RECORDS SHOWN Start Marker

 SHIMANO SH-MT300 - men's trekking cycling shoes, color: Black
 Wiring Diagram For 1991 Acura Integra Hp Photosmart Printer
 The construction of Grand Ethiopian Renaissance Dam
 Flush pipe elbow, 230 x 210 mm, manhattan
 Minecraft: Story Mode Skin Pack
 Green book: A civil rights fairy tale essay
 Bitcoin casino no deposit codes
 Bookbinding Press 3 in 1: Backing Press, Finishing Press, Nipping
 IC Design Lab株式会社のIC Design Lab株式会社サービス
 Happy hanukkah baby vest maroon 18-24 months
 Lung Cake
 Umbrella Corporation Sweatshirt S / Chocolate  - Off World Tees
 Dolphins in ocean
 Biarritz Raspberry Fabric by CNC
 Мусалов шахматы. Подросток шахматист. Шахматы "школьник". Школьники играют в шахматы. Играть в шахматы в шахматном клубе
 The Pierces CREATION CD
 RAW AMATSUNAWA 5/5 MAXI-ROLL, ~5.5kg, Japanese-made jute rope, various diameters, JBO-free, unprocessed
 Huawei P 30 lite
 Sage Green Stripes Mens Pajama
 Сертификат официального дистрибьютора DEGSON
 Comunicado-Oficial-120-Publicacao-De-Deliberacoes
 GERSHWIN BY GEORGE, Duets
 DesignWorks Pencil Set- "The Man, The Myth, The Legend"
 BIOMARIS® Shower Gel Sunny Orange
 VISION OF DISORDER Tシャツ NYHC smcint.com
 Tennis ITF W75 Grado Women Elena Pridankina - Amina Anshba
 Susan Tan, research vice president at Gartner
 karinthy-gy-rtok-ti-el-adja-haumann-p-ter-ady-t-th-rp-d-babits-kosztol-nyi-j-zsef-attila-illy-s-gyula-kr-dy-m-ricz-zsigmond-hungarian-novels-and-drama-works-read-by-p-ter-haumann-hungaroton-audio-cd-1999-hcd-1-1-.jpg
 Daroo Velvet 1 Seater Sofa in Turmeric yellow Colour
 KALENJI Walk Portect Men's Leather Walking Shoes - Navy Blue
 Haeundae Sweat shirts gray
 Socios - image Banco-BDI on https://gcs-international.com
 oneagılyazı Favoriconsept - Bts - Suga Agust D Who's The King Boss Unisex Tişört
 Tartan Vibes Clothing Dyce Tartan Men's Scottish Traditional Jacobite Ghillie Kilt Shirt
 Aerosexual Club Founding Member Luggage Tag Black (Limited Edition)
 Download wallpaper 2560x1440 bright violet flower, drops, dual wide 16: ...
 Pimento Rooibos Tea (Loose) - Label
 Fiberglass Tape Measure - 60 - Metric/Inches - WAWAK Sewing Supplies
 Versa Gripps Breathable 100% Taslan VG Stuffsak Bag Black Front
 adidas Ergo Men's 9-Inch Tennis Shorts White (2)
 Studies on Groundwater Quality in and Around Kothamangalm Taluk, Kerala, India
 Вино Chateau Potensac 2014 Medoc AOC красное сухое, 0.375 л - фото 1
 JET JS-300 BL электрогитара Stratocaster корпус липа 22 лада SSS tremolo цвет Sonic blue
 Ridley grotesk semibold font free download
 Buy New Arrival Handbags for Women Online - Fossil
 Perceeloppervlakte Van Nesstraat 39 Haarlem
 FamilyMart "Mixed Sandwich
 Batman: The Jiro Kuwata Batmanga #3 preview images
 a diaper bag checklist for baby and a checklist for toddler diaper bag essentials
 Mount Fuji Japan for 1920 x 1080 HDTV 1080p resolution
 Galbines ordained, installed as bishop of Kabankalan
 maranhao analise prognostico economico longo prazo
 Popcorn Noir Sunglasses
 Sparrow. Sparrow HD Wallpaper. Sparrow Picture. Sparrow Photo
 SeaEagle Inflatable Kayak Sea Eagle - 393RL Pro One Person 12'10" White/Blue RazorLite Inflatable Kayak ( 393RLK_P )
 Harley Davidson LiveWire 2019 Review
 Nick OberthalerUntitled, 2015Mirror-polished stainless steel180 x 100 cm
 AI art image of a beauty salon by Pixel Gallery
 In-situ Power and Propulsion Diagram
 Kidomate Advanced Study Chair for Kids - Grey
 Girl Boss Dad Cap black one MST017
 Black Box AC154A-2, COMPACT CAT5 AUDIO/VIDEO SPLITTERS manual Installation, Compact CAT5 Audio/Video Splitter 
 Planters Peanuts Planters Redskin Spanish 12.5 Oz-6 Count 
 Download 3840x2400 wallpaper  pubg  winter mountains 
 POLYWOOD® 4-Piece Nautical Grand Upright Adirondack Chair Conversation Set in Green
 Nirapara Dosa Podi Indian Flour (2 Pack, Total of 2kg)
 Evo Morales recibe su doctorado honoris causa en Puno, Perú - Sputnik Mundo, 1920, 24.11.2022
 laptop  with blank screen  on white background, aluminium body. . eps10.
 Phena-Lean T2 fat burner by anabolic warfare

RECORDS SHOWN End Marker

WORK REQUIRED → Using the records above, list each line that includes "Pack".

TASK ANSWER →
 Minecraft: Story Mode Skin Pack
 Nirapara Dosa Podi Indian Flour (2 Pack, Total of 2kg)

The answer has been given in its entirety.